# Jimmy: The Sailing log bucker



## Meadow Beaver (Apr 10, 2009)

What on Earth would make Jimmy (S&S Aqua) think it's just fine to pull up in rocking boat and that isn't tethered to anything, and buck off a log in the water. I know the guy is an idiot but stupid things like that just make me want to choke that guy.:angry2:


----------



## tomtrees58 (Apr 10, 2009)

hes not playing with a full deck tom trees:jawdrop:


----------



## Meadow Beaver (Apr 10, 2009)

I don't know why that guy makes me and my dad so mad, but the guy is so stupid. My dog knows better than to do that.


----------



## AKDoug (Apr 10, 2009)

I've lost count how many logs I've cut off the bow of an idling jet boat to clear the way upstream...sometimes you gotta do what you gotta do.


----------



## hermit (Apr 13, 2009)

DRAMA,drama The TV people aren't interested if everything is done right and safe.


----------



## Meadow Beaver (Apr 13, 2009)

Yup, Jimmy says he's the only guy who does that, there's another guy in Washington who does the same thing. But he does it better and legally.


----------



## ericjeeper (Apr 13, 2009)

*Many were doing it in Lake Superior..*

Then the Government shut em down for disturbing the water and all that BS that goes along.


----------



## Kunes (Apr 13, 2009)

He's a few fries short of a Happy Meal.:monkey:


----------



## tree md (Apr 13, 2009)

Am I the only one who thinks Of the Skipper and Gilligan on the SS Minnow when I see S&S Logging??? :monkey:


----------



## Kunes (Apr 13, 2009)

Nope. i can see it.


----------



## yellojeeper (Apr 13, 2009)

He's pretty much your A typical Stihl man. opcorn:


----------



## Jkebxjunke (Apr 14, 2009)

tree md said:


> Am I the only one who thinks Of the Skipper and Gilligan on the SS Minnow when I see S&S Logging??? :monkey:



no.. they make the skipper and gilligan look like a proper crew...


----------



## Burvol (Apr 14, 2009)

AKDoug said:


> I've lost count how many logs I've cut off the bow of an idling jet boat to clear the way upstream...sometimes you gotta do what you gotta do.

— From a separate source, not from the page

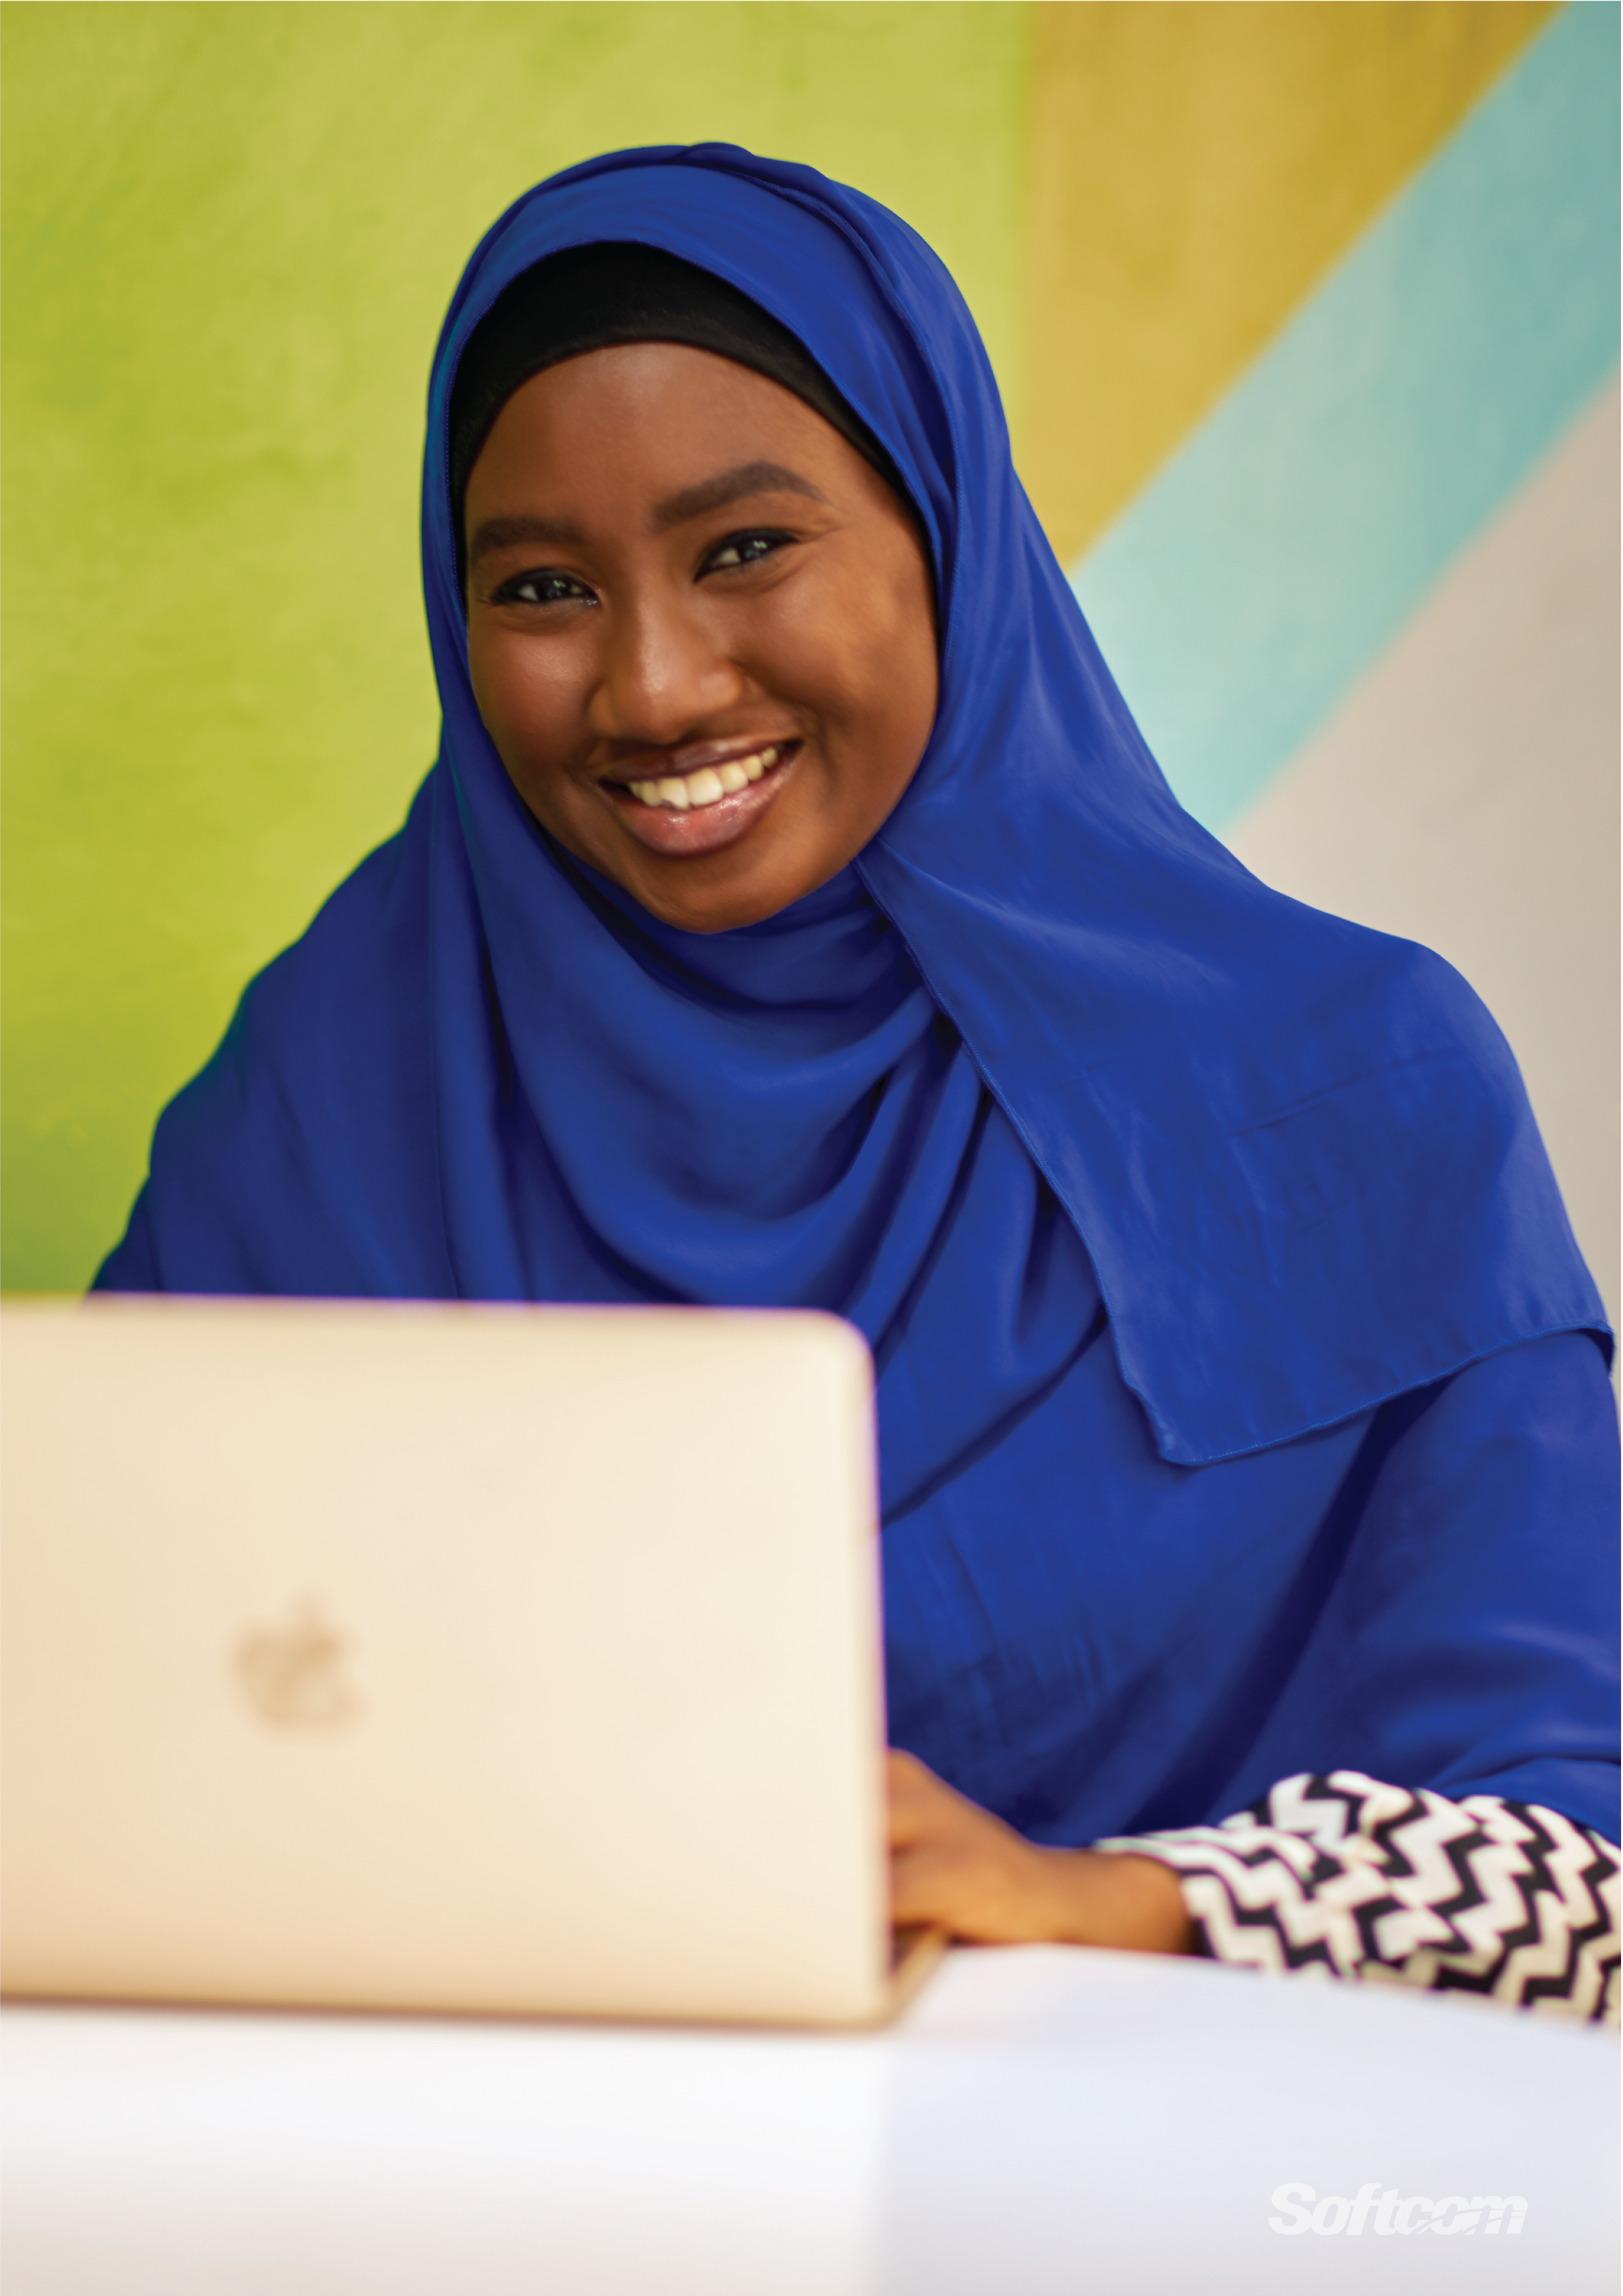 Nigerian Engineers in Hijabs

Did just that in the summer of 06 in SW AK Bush Country. Clearing log jams to go up river. Fun fun!


----------



## 2dogs (Apr 14, 2009)

Burvol said:


> Did just that in the summer of 06 in SW Bush Country. Clearing log jams to go up river. Fun fun!



Cutting up a floating log sure leaves you with a clean saw.

Me.


----------